For ongoing risk monitoring, daily updates can be crucial. Graph 2 shows how RepRisk’s G-score for Wirecard AG quickly captured its worsening reputational risk exposure and could have prevented investors from the ensuing fall-out.
Another important point is that the data must be based on a methodology that is consistent over time – and have a long enough data history to capture various market conditions. Since 2006, RepRisk has created its datasets point-in-time using the same rules-based methodology to identify and assess ESG risks, while extending its research scope and language coverage.
Transparency and customisation
There are a variety of strategies and signals which determine how trading decisions are made – strategies can differ by style, e.g. qualitative or quantitative, by universe, e.g. equities, bonds, private equity, or by trading frequency. However, the transparency of the data source and the ability for the strategist to customise the signals to the investment case are the two most important factors.
Graph 3 shows the rising ESG scores for Volkswagen AG during the “Dieselgate” scandal in the fall of 2015. Clearly, the social S-score was not driving the scandal, but rather the environmental E-score and the governmental G-score. To integrate actionable ESG signals into various use cases, they must be transparent and customisable – be it a G-score for the banking sector, a S-score for the retail sector, or with respect to increasing standards and regulations, such as a S-UNGC score (based on the 10 Principles of the UN Global Compact) or an E-SASB score (based on the Sustainability Accounting Standards Board materiality map).

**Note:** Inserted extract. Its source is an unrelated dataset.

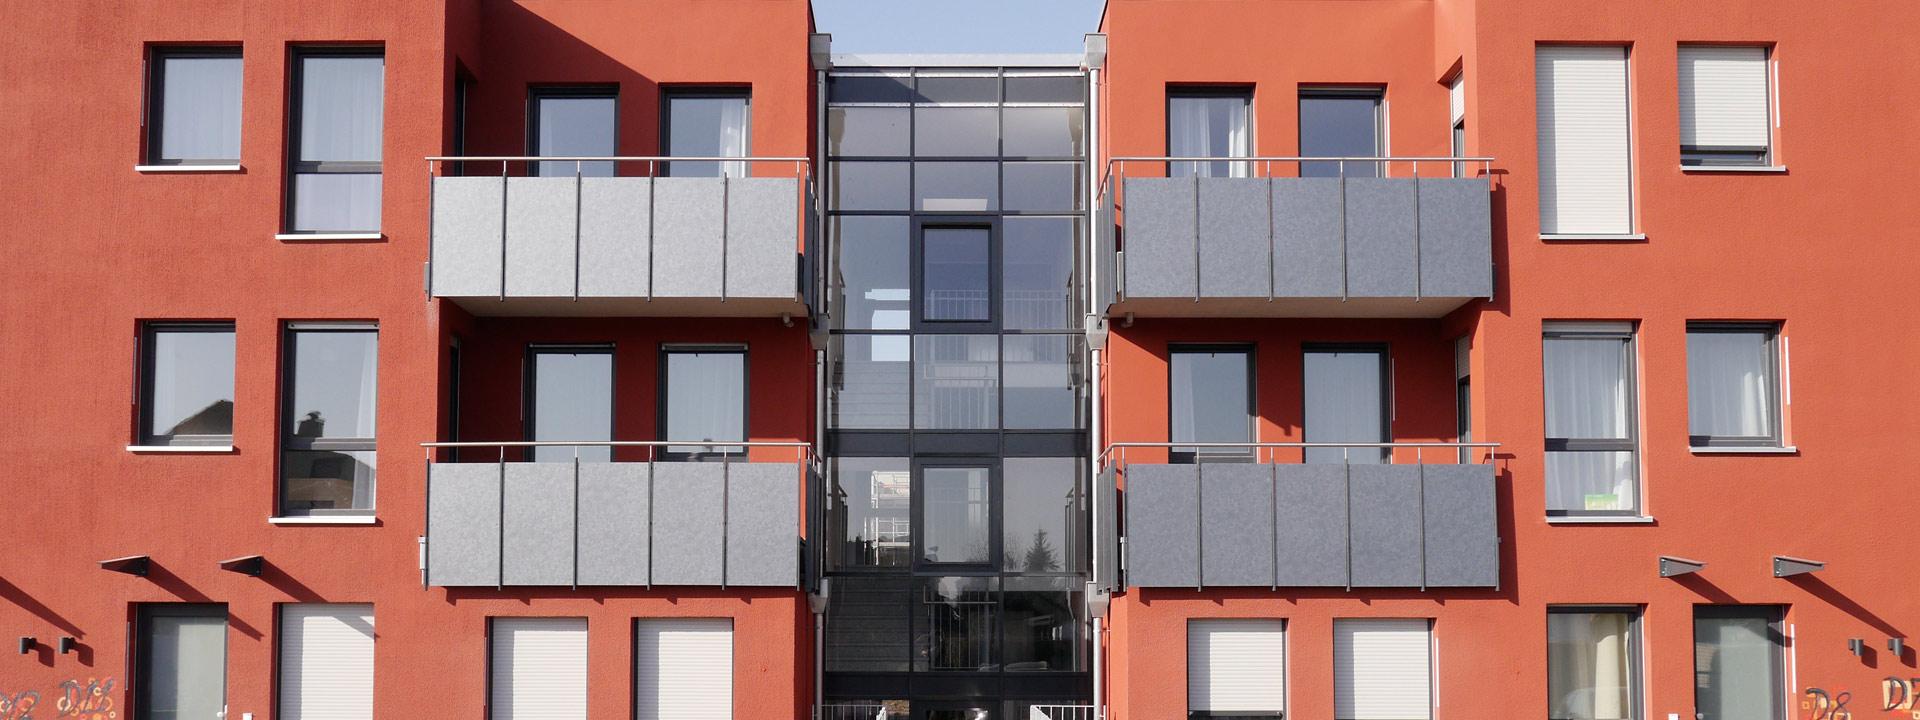 Full Size of Drutex Erfahrungen Forum Drutefenster Justieren Polen Erfahrungsberichte Aus Fenster Test Wohnzimmer Drutex Erfahrungen Forum

As Dr. Bailer phrases it: “Doing good while doing well requires investors to reward companies that respect ESG standards, while punishing violators – all without sacrificing performance. Shareholder activism can be done at shareholder meetings or simply through investing and divesting, thereby stirring capital flows. Either way, the underlying data must be reliable and based on a systematic, outside-in view of a company’s business conduct – which is the approach RepRisk takes.”
Heiko Bailer, PhD, Head ESG Quantitative Investments, RepRisk ESG Data Science
Heiko Bailer Head ESG Quantitative Investments, RepRisk, has many years of experience as a quantitative investment manager working for hedge funds, family offices, and firms such as Credit Suisse, Deutsche Bank, and ABN AMRO, in London, New York, Tokyo, and Zurich. He has a PhD in Statistics as well as a Computational Finance degree from the University of Washington.